Christine Rosen is a senior fellow at the American Enterprise Institute, where she focuses on American history, society and culture, technology and culture, and feminism. She is also a columnist for Commentary and one of the cohosts of The Commentary Magazine Podcast. She is a fellow at the University of Virginia’s Institute for Advanced Studies in Culture and a senior editor in an advisory position at the New Atlantis.
Her previous positions include editor of In Character, managing editor of the Weekly Standard, and distinguished visiting scholar at the Library of Congress.
Dr. Rosen is the author or co-author of many books and book chapters. Her books include The Extinction of Experience (forthcoming), Acculturated: 23 Savvy Writers Find Hidden Virtue in Reality TV, Chick Lit, Video Games, and Other Pillars of Pop Culture (2011) with Naomi Schaefer Riley; My Fundamentalist Education: A Memoir of a Divine Girlhood (2005), which was named one of the best nonfiction books of the year by the Washington Post, Preaching Eugenics: Religious Leaders and the American Eugenics Movement (2004), The Feminist Dilemma: When Success Is Not Enough (2001), and Women’s Figures: An Illustrated Guide to the Economic Progress of Women in America (1999).
A prolific writer, Dr. Rosen is often published in the popular press. Her opinion pieces, articles, and reviews have appeared in Commentary, the New York Times, the Wall Street Journal, the Washington Post, the Los Angeles Times, the Christian Science Monitor, the Washington Examiner, the New York Daily News, National Affairs, National Review, the New Atlantis, the New Republic, Politico, Slate, and the New England Journal of Medicine, among other outlets.

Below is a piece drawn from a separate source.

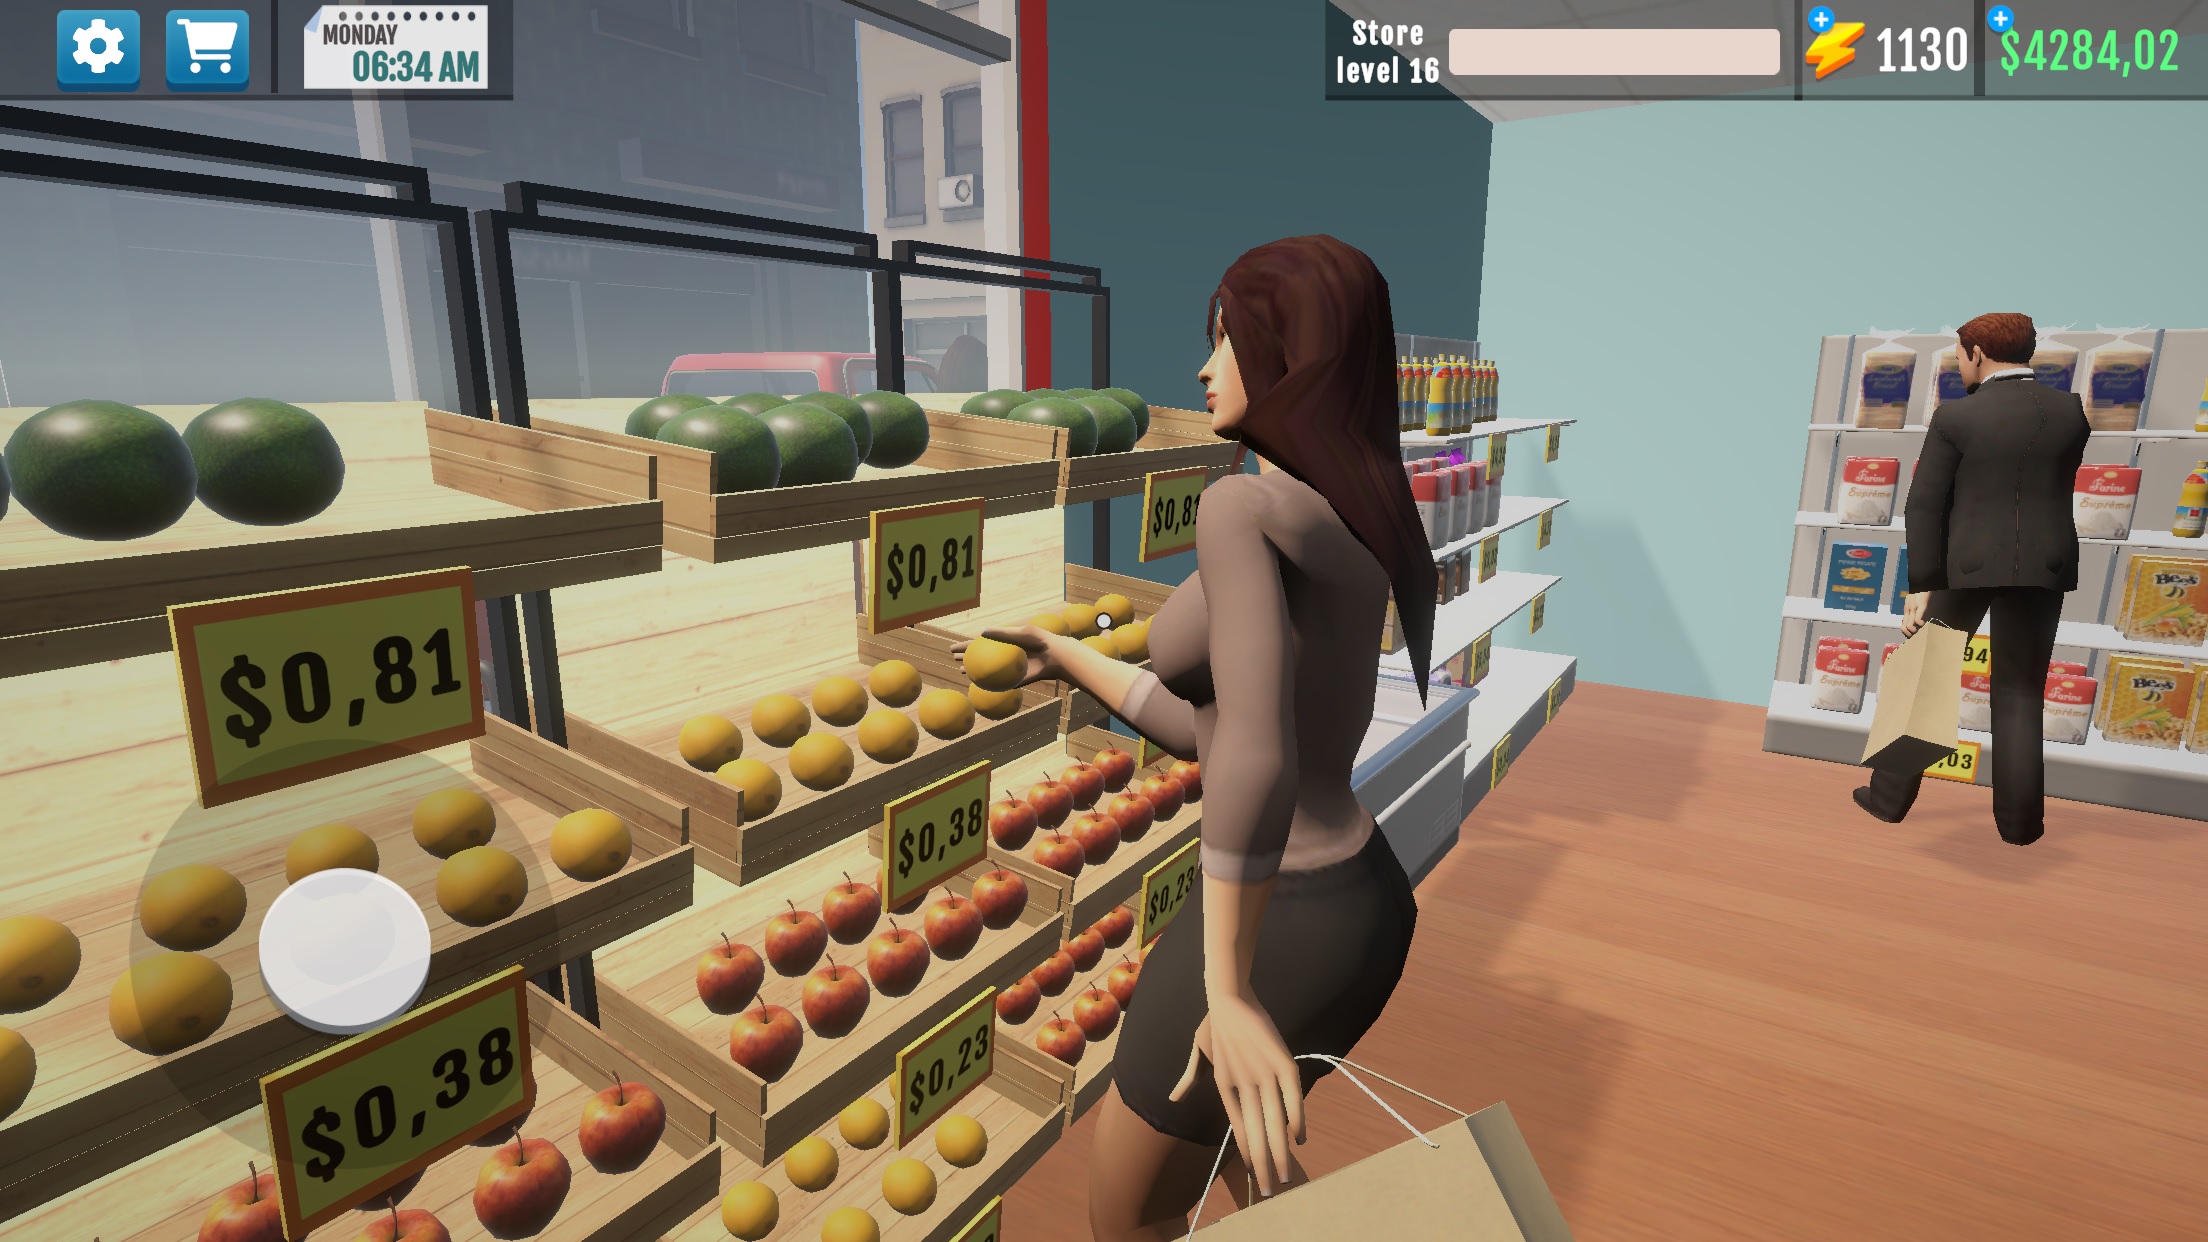 Supermercado Gerente Simulador é um dos melhores clones de Supermarket Simulator para Android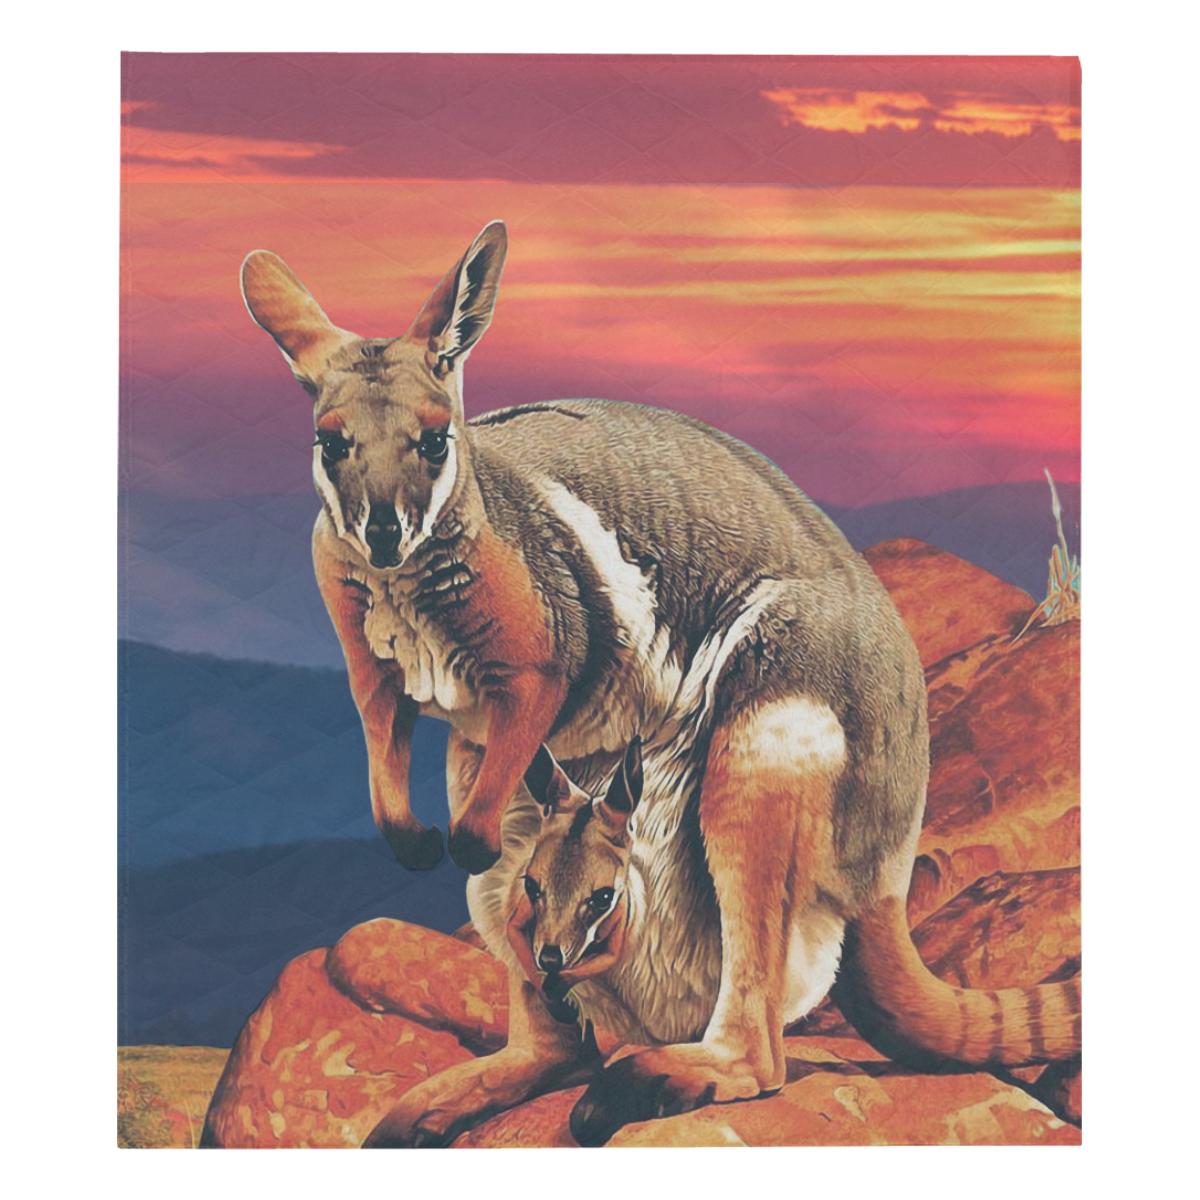 quilt-kangaroo-quilt-family-sunset

Dr. Rosen’s broadcast appearances include ABC News, BBC News, CBS News, CNN, C-SPAN, Fox News Channel, NBC News, MSNBC, PBS News, and National Public Radio. She has testified before Congress and the U.S. Secretary of Education’s Commission on Opportunity in Athletics.
Dr. Rosen has a PhD in history, with a major in American intellectual history, from Emory University, and a BA in history from the University of South Florida.